Inferential Statistics

In carrying out the binomial test and interval:

- define the population and parameter in words

- state your conjectured value about the parameter and what it signifies.

- state whether you suspected (before you saw the data) whether you thought the actual value of the parameter was higher or lower than this conjectured value. If you had no prior direction in mind, then you will calculate a two-sided p-value.

- state what a type I and a type II error would represent in this setting.

- discuss whether or not your measurements can be considered observations from a Bernoulli process or from a large population.

- calculate a binomial probability to represent the p-value corresponding to the direction of your conjecture. Include an interpretation of what this p-value represents.

- use Minitab to calculate a confidence interval to describe the plausible values of your population parameter.

- state your conclusions in context.

IV. Conclusion

Same guidelines as before. Pay particular attention to whether or not the conditions were satisfied for you to generalize your sample to the larger population. Also discuss whether or not the Bernoulli conditions were met and whether or not the p-value represents true randomness in the study or if the p-value is more fictitious, used to measure the amount of chance variability if there had been randomness (measures the uncertainty but really don’t think it is reasonable to generalize from your sample to your population). Make sure you include a critique of the study you did, as well as make suggestions for future studies.

Stat 320 – Mini-Project 3

Due Friday, June 10 or before

This project is to be completed individually. The goal is to design two separate studies. You do not have to carry out either study. You are to turn in a typed proposal for each design. You may submit your report via email. If you submit the report early, I will do my best to provide feedback to you prior to June 10.

You will be assessed on the correctness of your designs, whether they are appropriate for the research question proposed, whether they would have been feasible for a researcher to carry out, and creativity in your research questions and designs. For feasibility, it does not need to be feasible for you to carry out at Cal Poly, but for someone to carry out with more time and resources (e.g., comparing the mating patterns of African and European bees). You should concentrate more on finding a research question of interest to you and justifying why it is of interest, and designing an appropriate study to answer that question.

The requirements for the designs are:

One should be a randomized experiment and one should be an observational study with random selection.

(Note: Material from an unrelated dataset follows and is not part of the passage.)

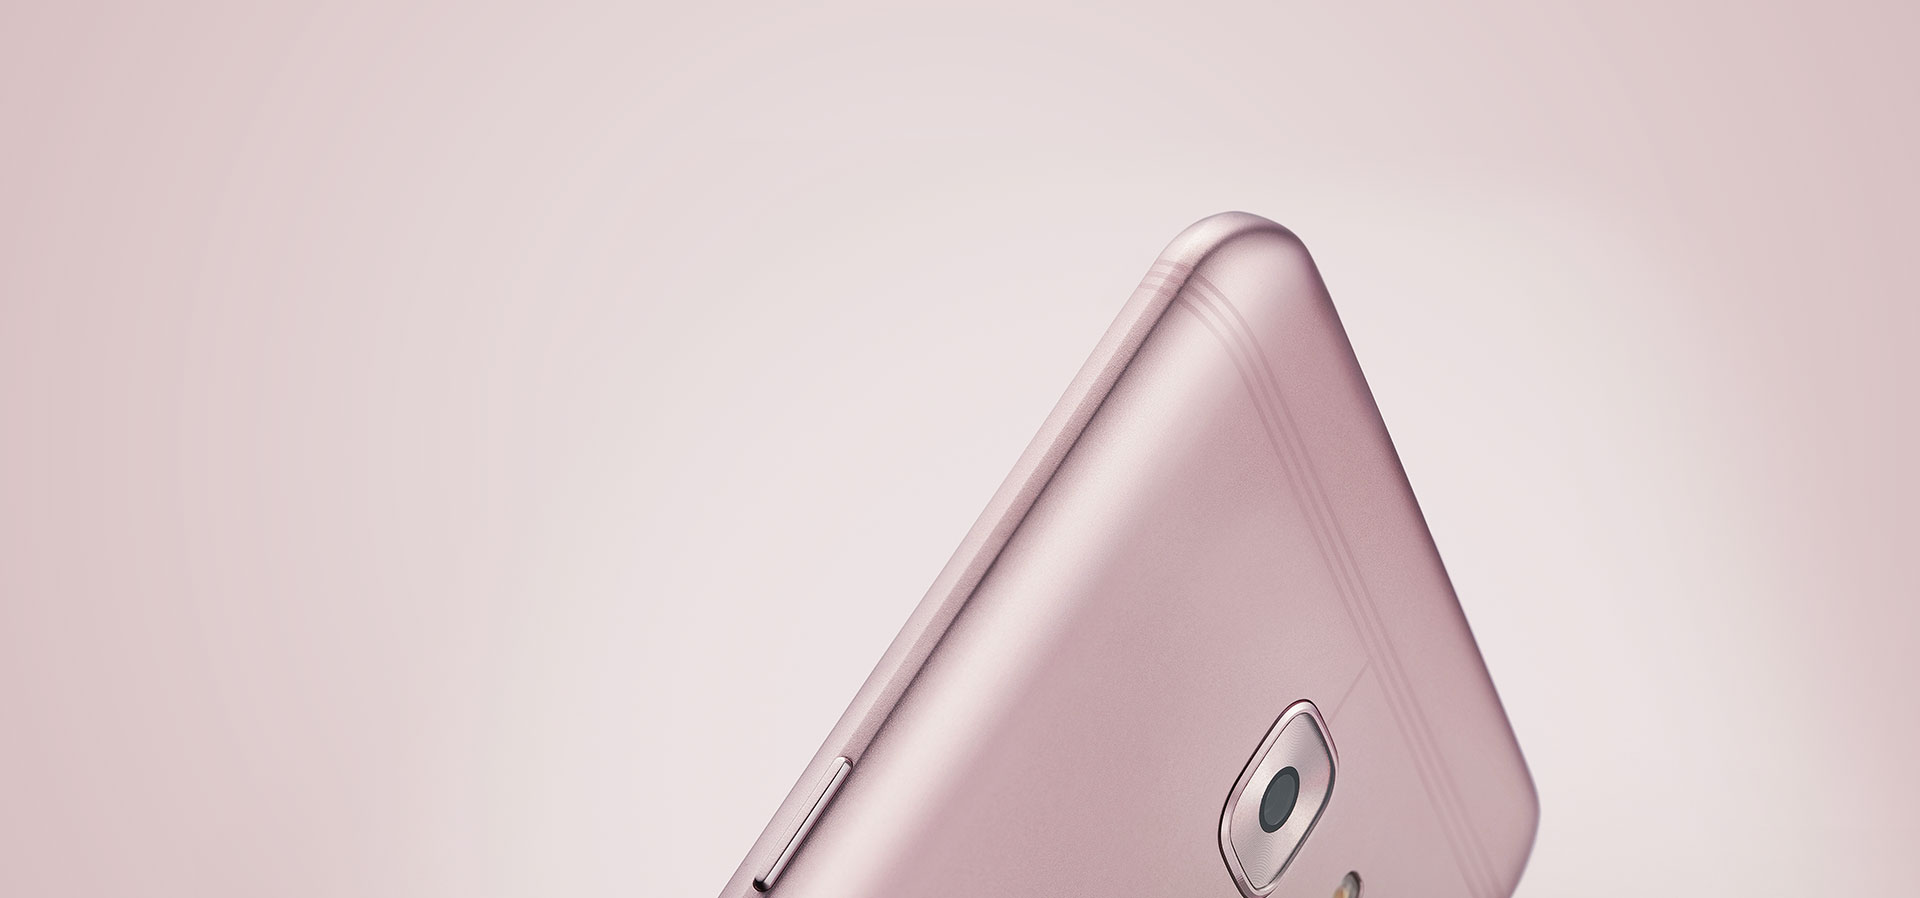 Samsung Galaxy C9 Pro chính thức ra mắt tại Trung Quốc: cấu hình cao, $470
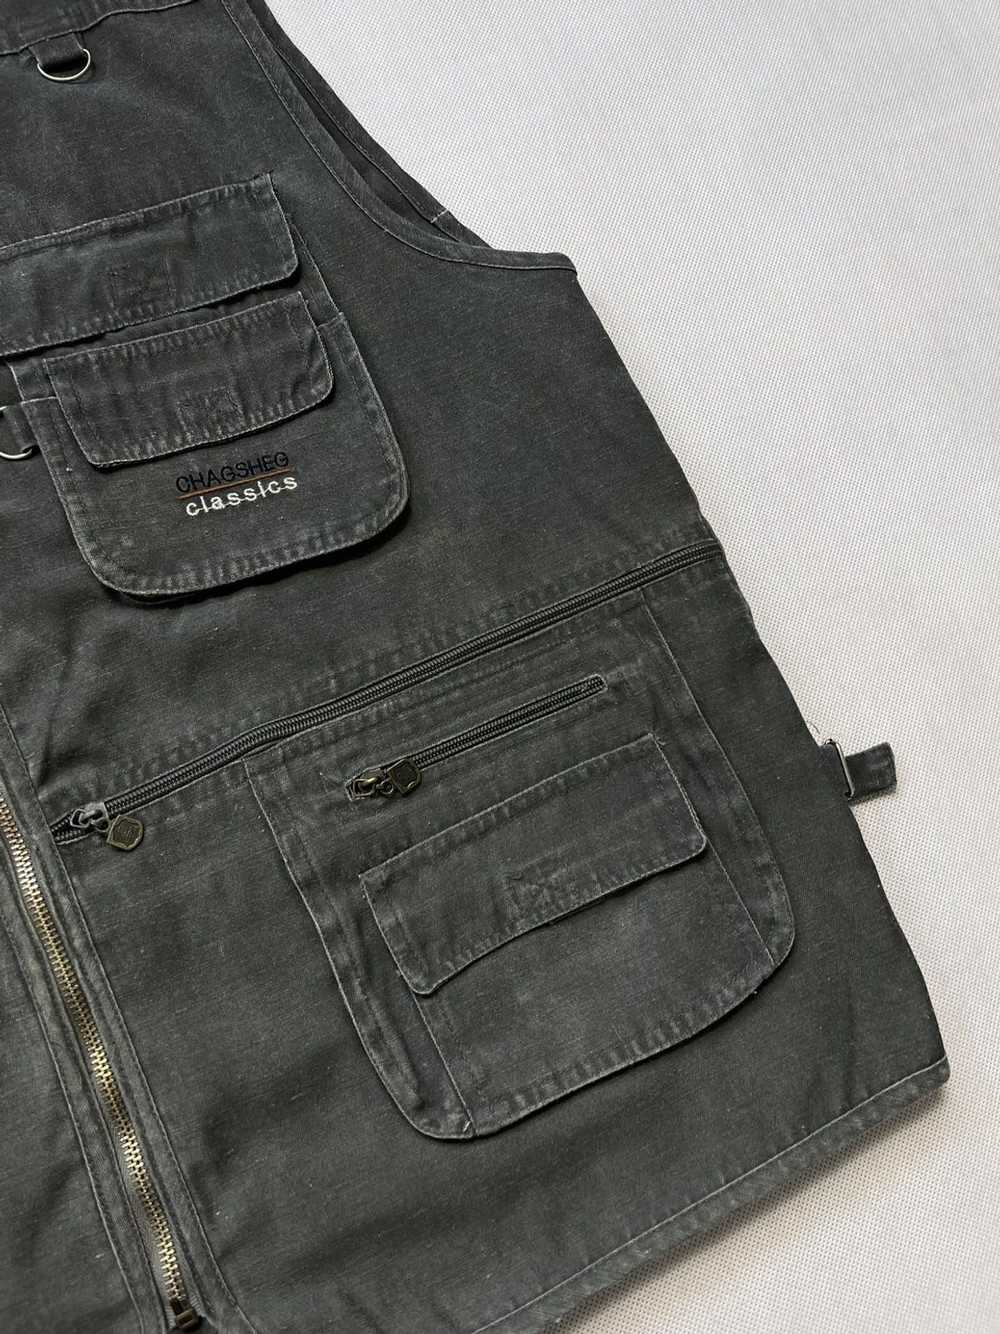 Military × Vintage Vintage vest multi pocket army… - image 2

One should involve comparing two groups on a quantitative response variable and one should involve comparing two groups on a categorical response variable.

You should consider how you would analyze the data obtained from your study using the statistical methods we have discussed this quarter.

The two topics may or may not be related.

In your report, make sure you:

State the research question for each design.

Provide extensive detail for each design. This design protocol should be detailed enough that I could hand it to someone and they would be able to carry it out exactly to your specifications.

Use appropriate statistical terminology (e.g., observational/experimental units, explanatory and response variables, randomization and random sampling, sampling frame, sample size).

Indicate the methods you would use to analyze the data both descriptively (numerical and graphical summaries) and inferentially (e.g., will you use small sample or large sample techniques and why).

State the conclusions you would draw should the difference in groups prove to be statistically significant. Clarify whether you would draw a cause and effect conclusion and to what population you would generalize the result. If you do not feel a cause and effect conclusion is warranted, suggest potential confounding variables. You should also indicate how you would decide whether this difference is of practice significance.